Managing the partnership
To manage the aspiration levels of the various partners will be a challenge. “ With four major partners, the merger becomes an experiment worth waiting and watching. It’ll be interesting to see who remains and who goes,” says Mr Arvind Mahajan, executive director, PricewaterhouseCoopers. Agrees Mr Vikash Saraf, director, SSKI Corporate Finance Limited, “Keeping the partners together may not be easy unless each one of them remains focussed
on creating value for the merged entity and nothing else.”

The partners however see the picture differently. Says BPL’s Chandrashekhar: “There is complete agreement among the partners on the objectives of new entity. And that is to see that it not only becomes India’s premier telecom franchise but also remains one.” He agrees this is a challenge, but says the alliance partners will
do whatever it takes to make the venture a
success. “The key is value creation for all stakeholders,” he says.
Some rivals however think they have done the homework well. “It will work because all the constituents want it to work. They know that they will be competing with the best. The fact that all the promoters have agreed in the beginning to run it on a professional basis means that they mean business,” says Mr. K. V. Seshasayee, chairman, Fascel, the cellular operator in Gujarat. Board battles: The one obvious point of contention is likely to be the constitution and chairmanship of the board. In a merger of equals, which is what this is claimed to be, this is generally a ticklish issue.

There is a question of how this would fit in with a shareholding pattern in which BPL Communications (inclusive of France Telecom and American Insurance Group) is expected to hold 41-42 per cent, AT&T 23-24 per cent and 17 per cent each is expected to be held by the Tatas and Birlas.

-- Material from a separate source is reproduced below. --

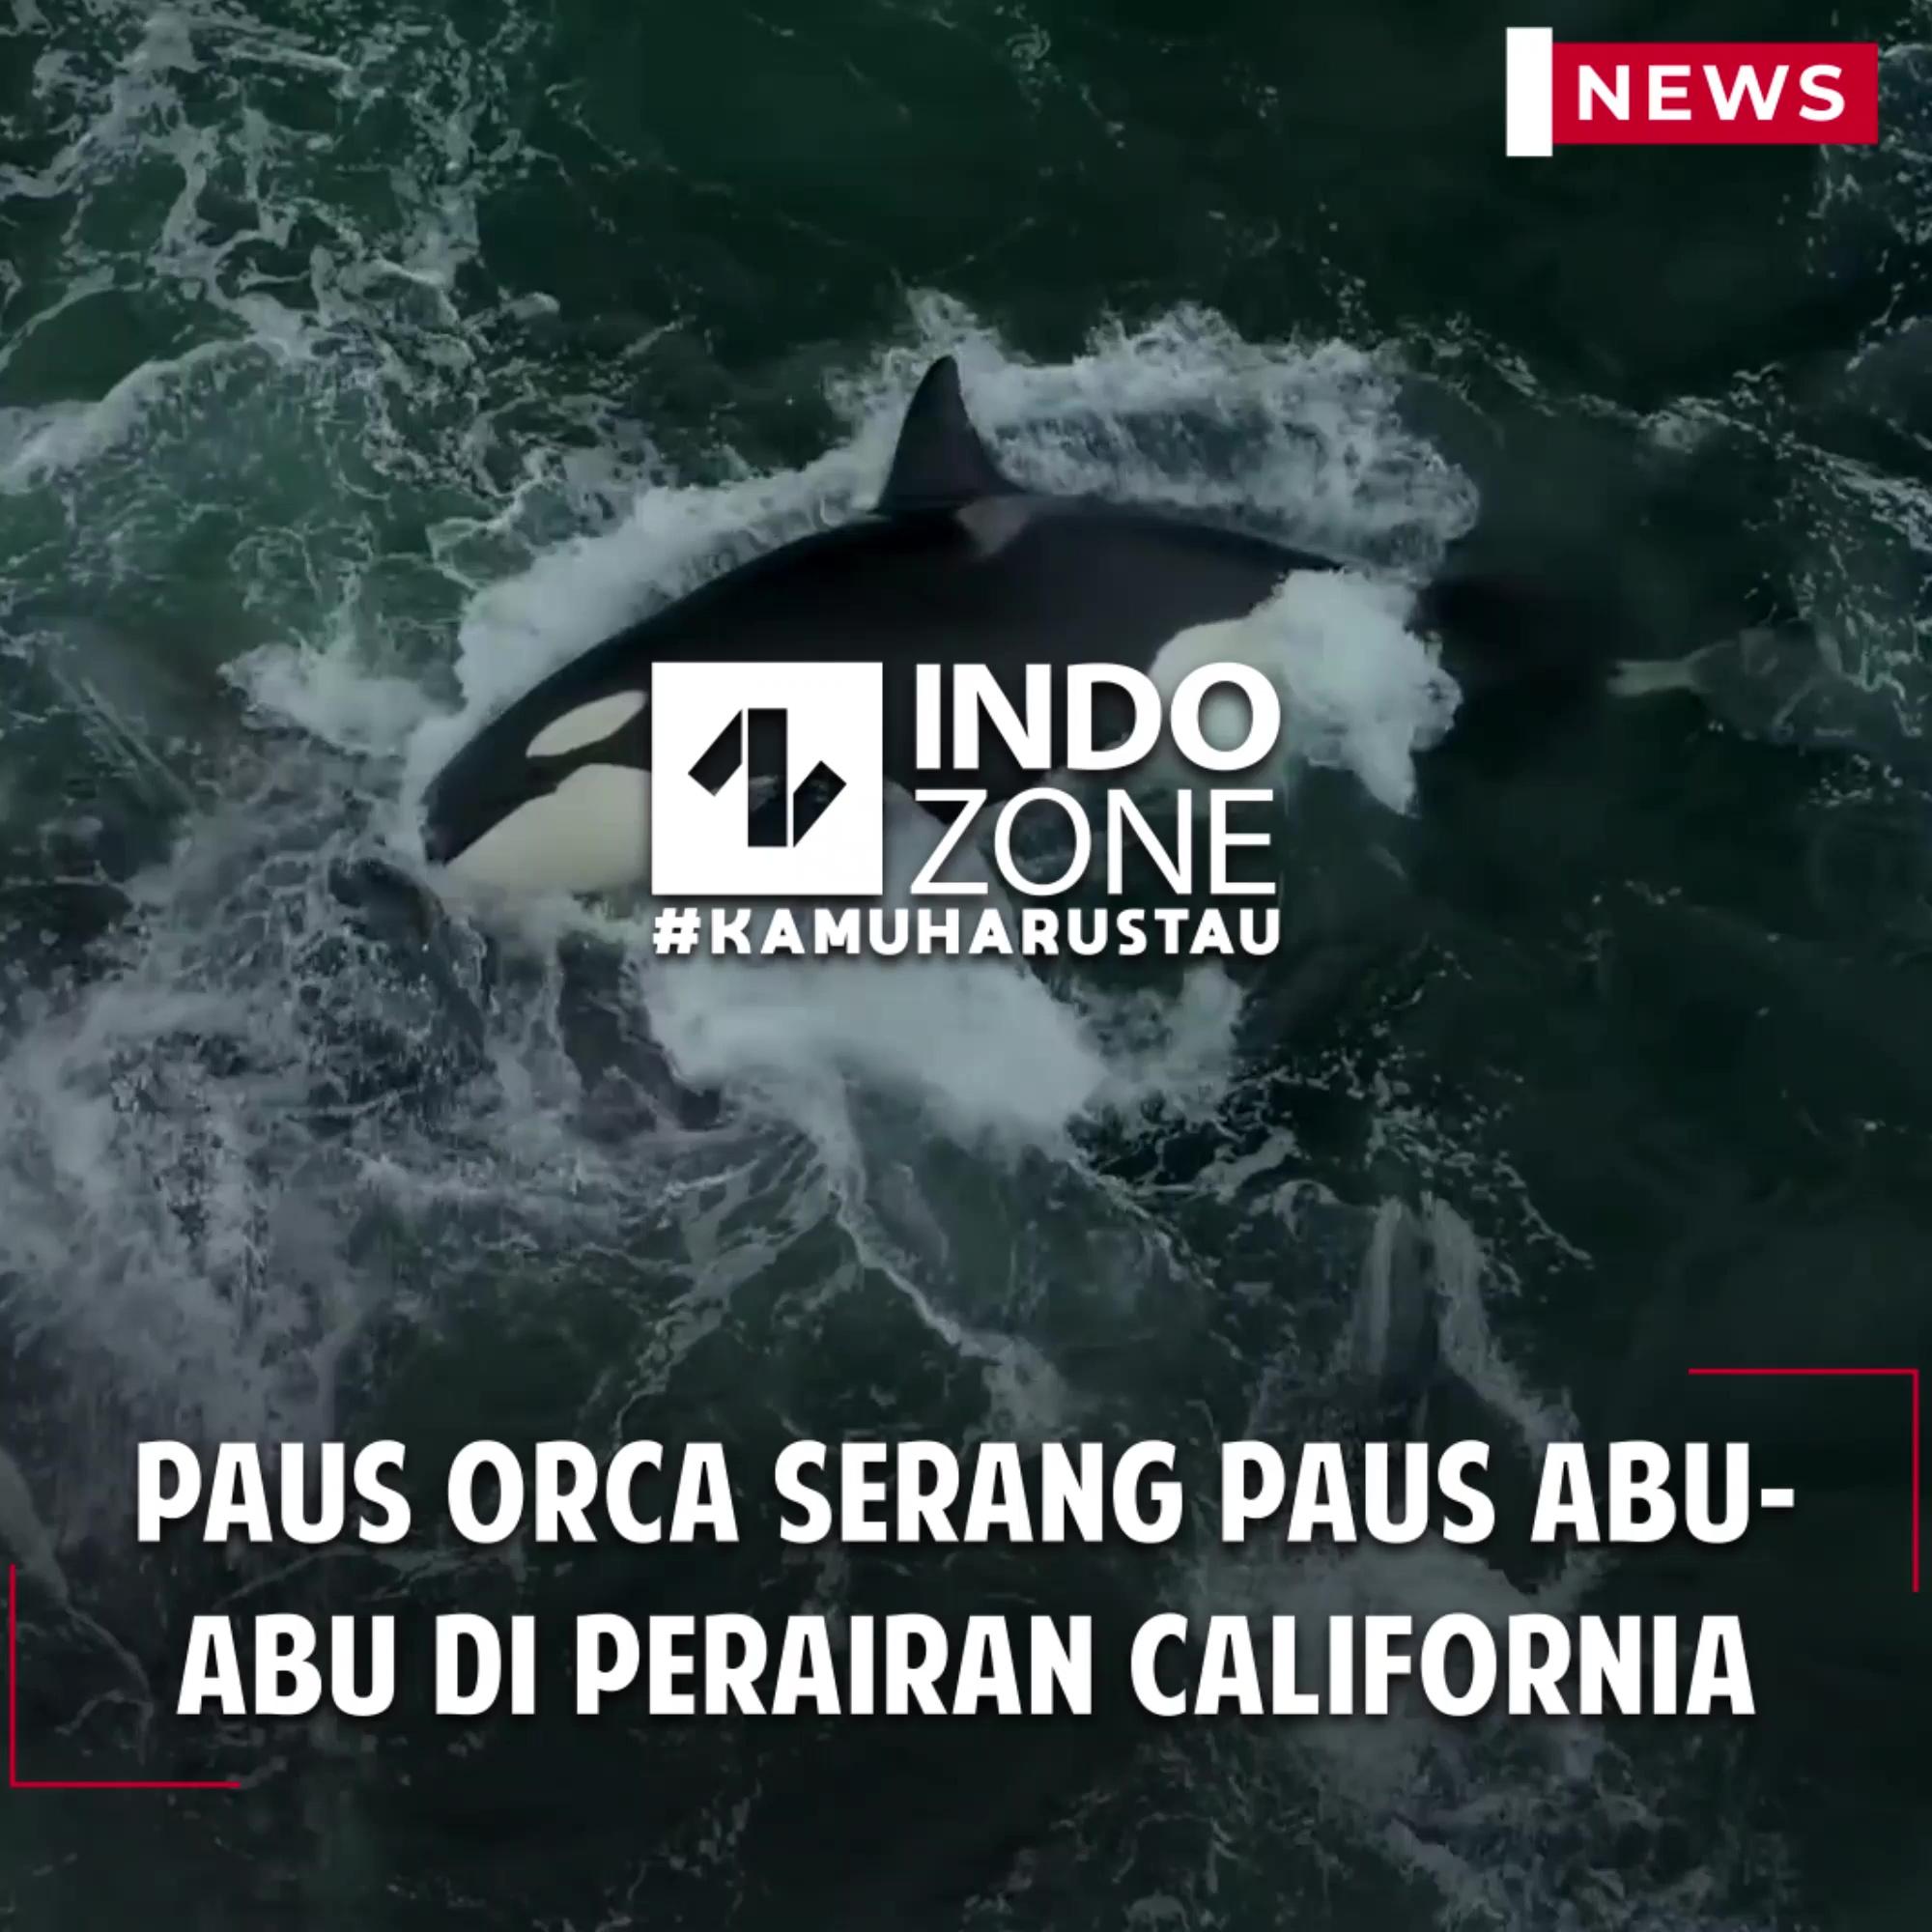 Paus Orca Serang Paus Abu-abu di Perairan California

Even if equal representation is conceded, there is the question of who would head the board. There could be some consensus on that. “It will be a revolving chairmanship,” said Mr. Sanjeev Aga, the chairman and chief executive officer of Birla AT & T Communications.
Will there be exits?

There are some who believe that the alliance already has a reluctant partner in the Birlas. the questions that could come up: One, Birlas strategy in telecom. Second, will they agree to further equity infusion into the new entity?

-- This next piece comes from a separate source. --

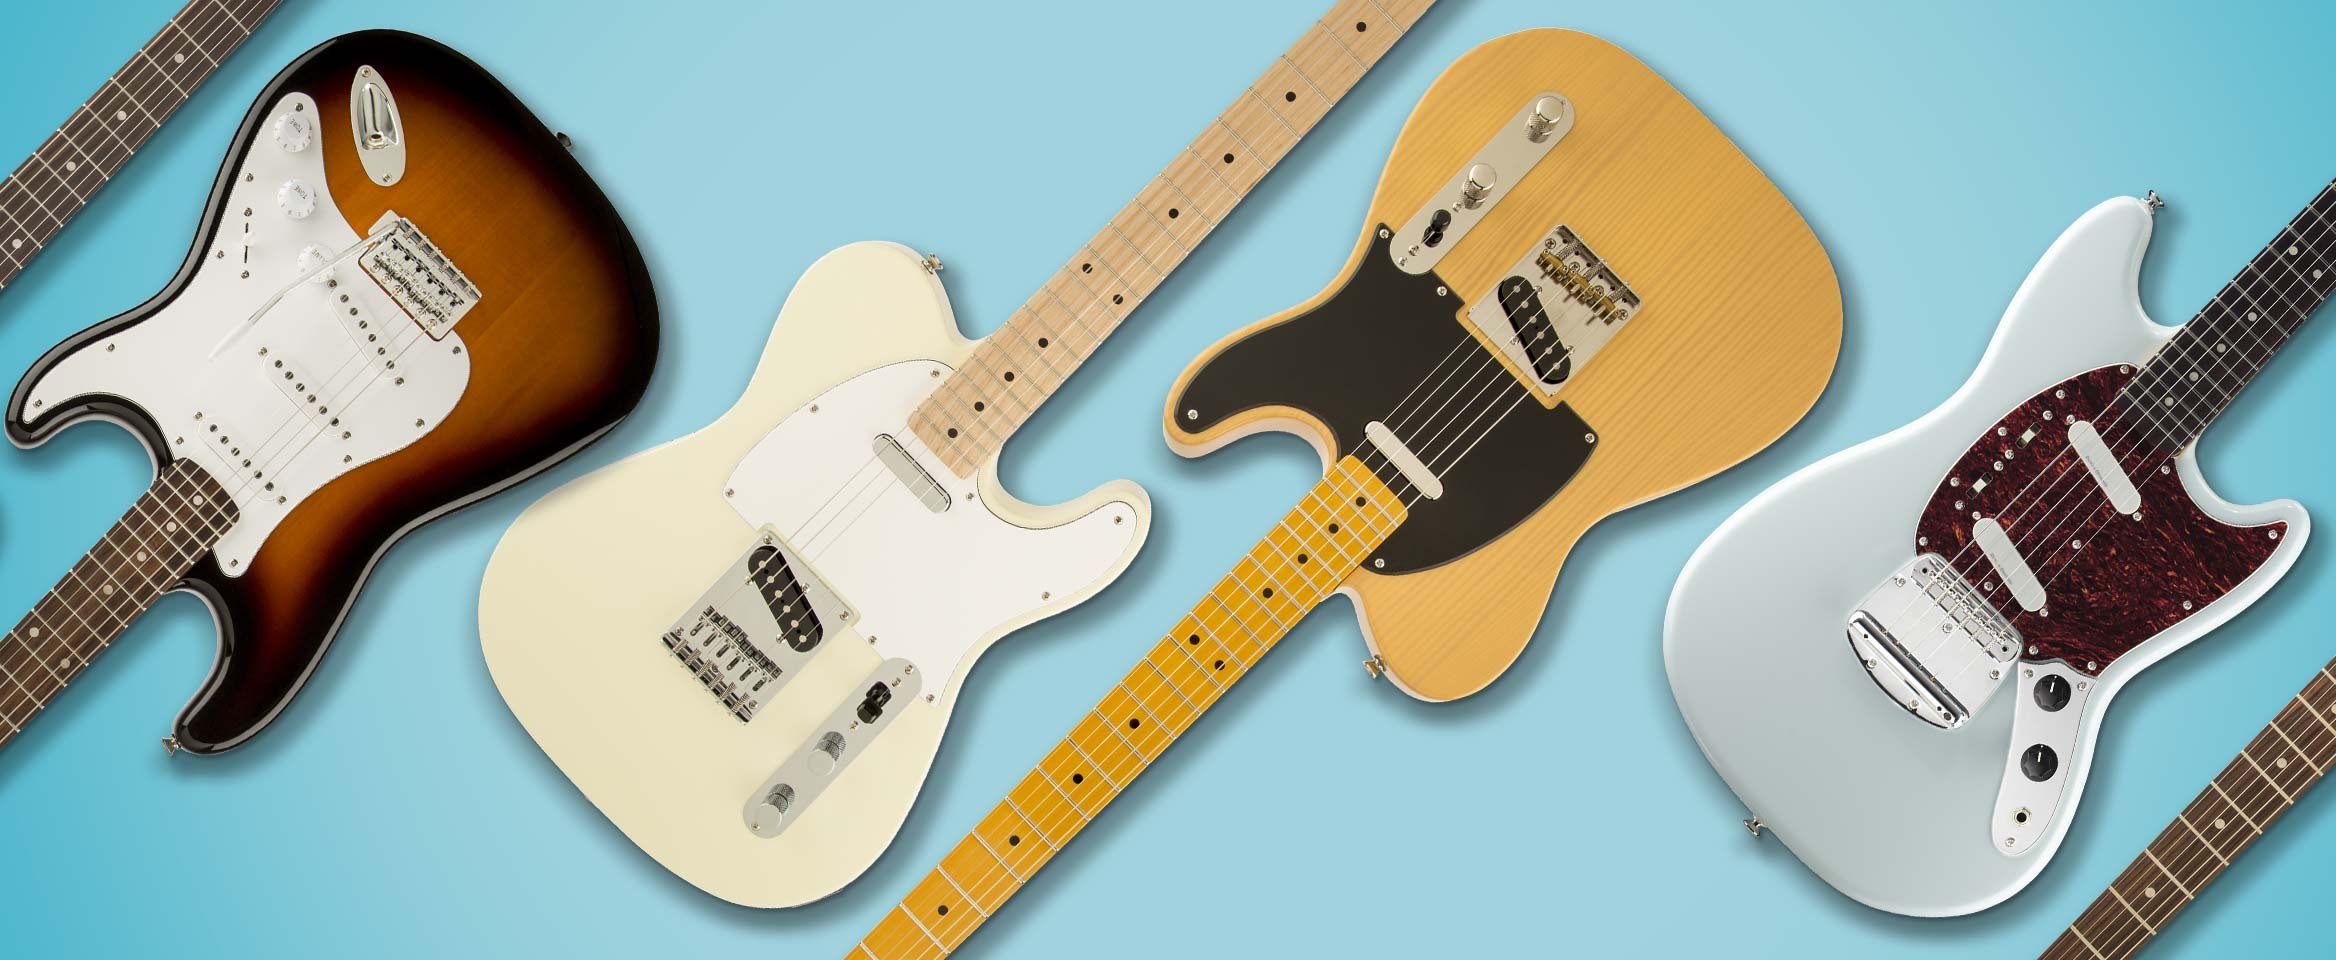 7 electric guitars for beginners fender guitars. Black Bedroom Furniture Sets. Home Design Ideas

Says Mr. P.Krishnamurthy, vice chairman, JMMSL “ I do not see the Birlas exiting the alliance. However, even if they did, it will not make much of a difference to the new entity and its mission.” Adds Mr. Chandrashekhar, “Exiting is every shareholder’s prerogative. To me, Mr Birla is very much committed to make the venture a success. The success of the alliance anyway lies in overall value creation,” he says.

The brand management
Many analysts also see branding as one of the bigger challenges likely to be faced by the combine. “All the partners have built up their own brand equity. There will be challenges in finalizing a common brand strategy,” say industry observers.

The firms may rope in a consultant to help them in coming up with a brand which reflects the values of all the partners. “We know we have to do this as quickly as possible,” said an official of the combine.

What’s ahead?
The valuation of the merged entity is greater than the sum of the parts. There are economics of scale which will sharply bring
down operational costs. There are huge opportunities that can be explored together in the future like national long distance communications. And of course, the consumer would benefit in the form of lower charges and innovative product offerings.

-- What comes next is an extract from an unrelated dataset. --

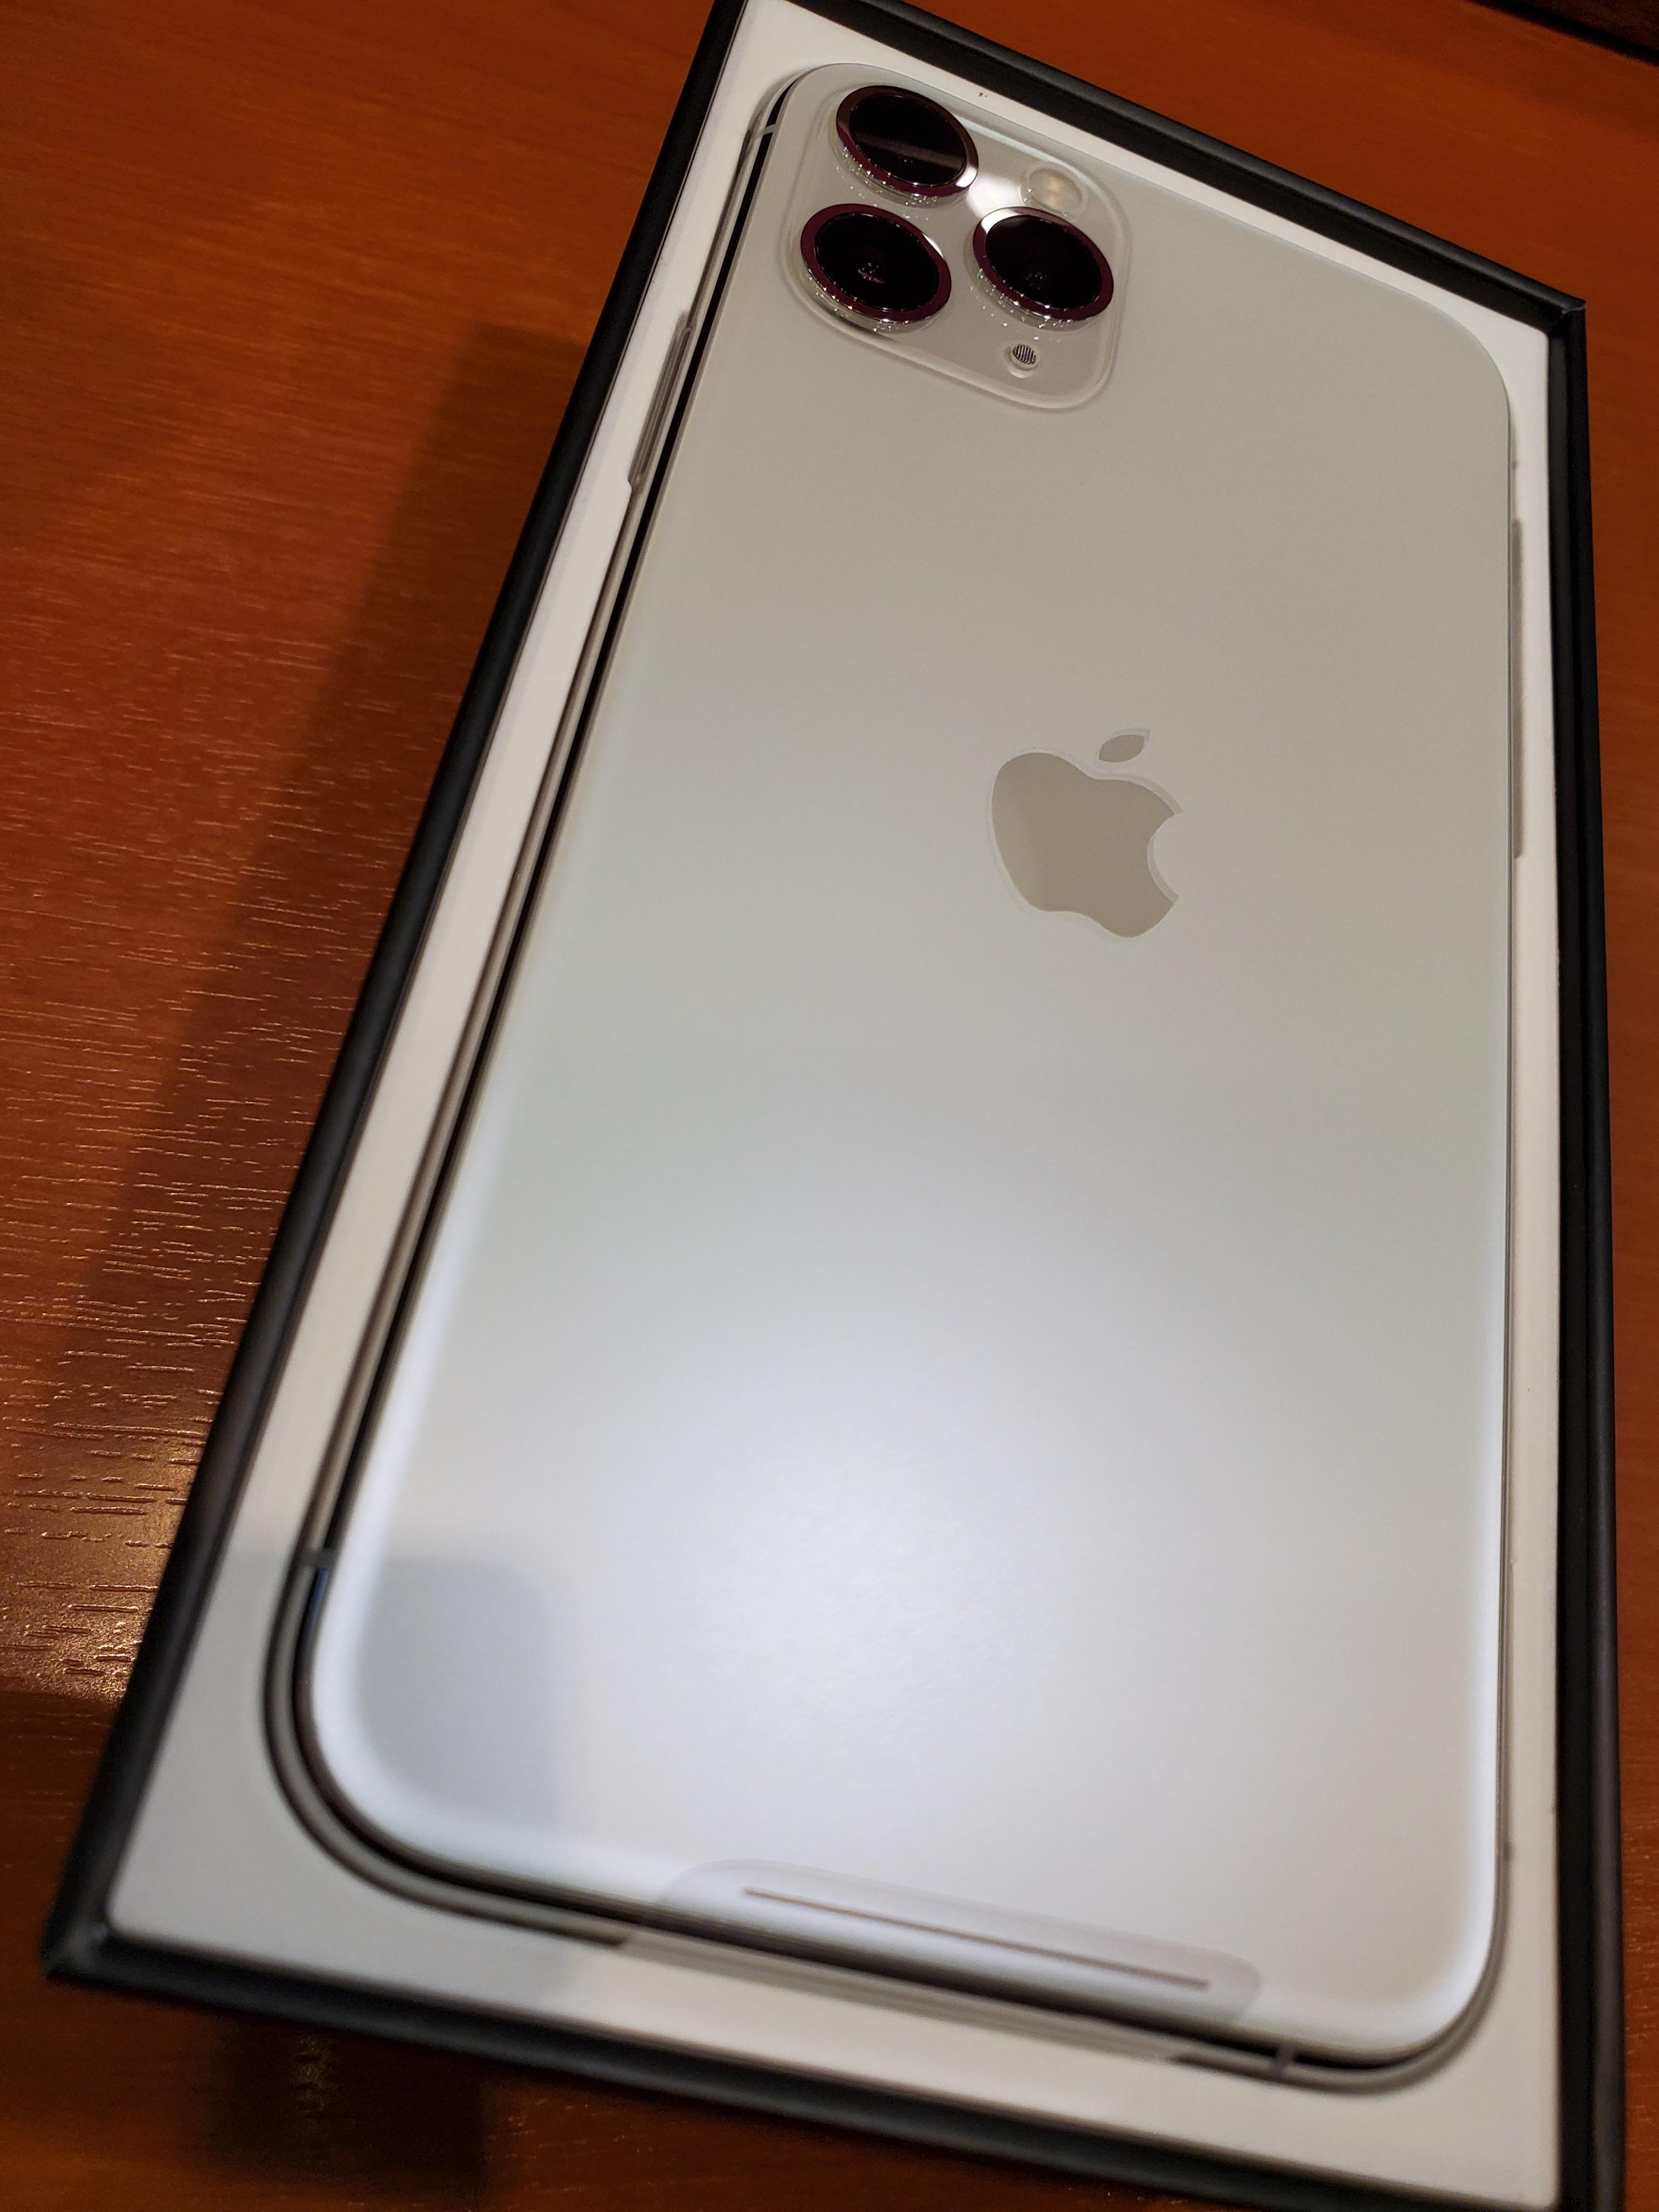 iPhone 11 Proを購入レビュー。背面の高級感に酔う

The deal-makers and the partner companies, as expected, downplay any challenges to successful completion of the merger. “Most key issues have been settled in this merger of equals,” said Vishal Kampani, director at JM Morgan Stanley who has been closely associated with the deal. Agrees Vineet Nigam, telecom analyst at ICRA. “The benefits far outweigh any minor problems the merger may face, which will be overcome.” That is the premise that most mergers start with. Both in India and abroad, it has been seen that mergers and consolidations have had it’s ups anbd downs. But in many consolidations and mergers, managers and partners size as goal.

But successful mergers of the past have shown that it is not size but the development of a new business model that will help them compete, succeed and sustain themselves. Is the message ringing clear?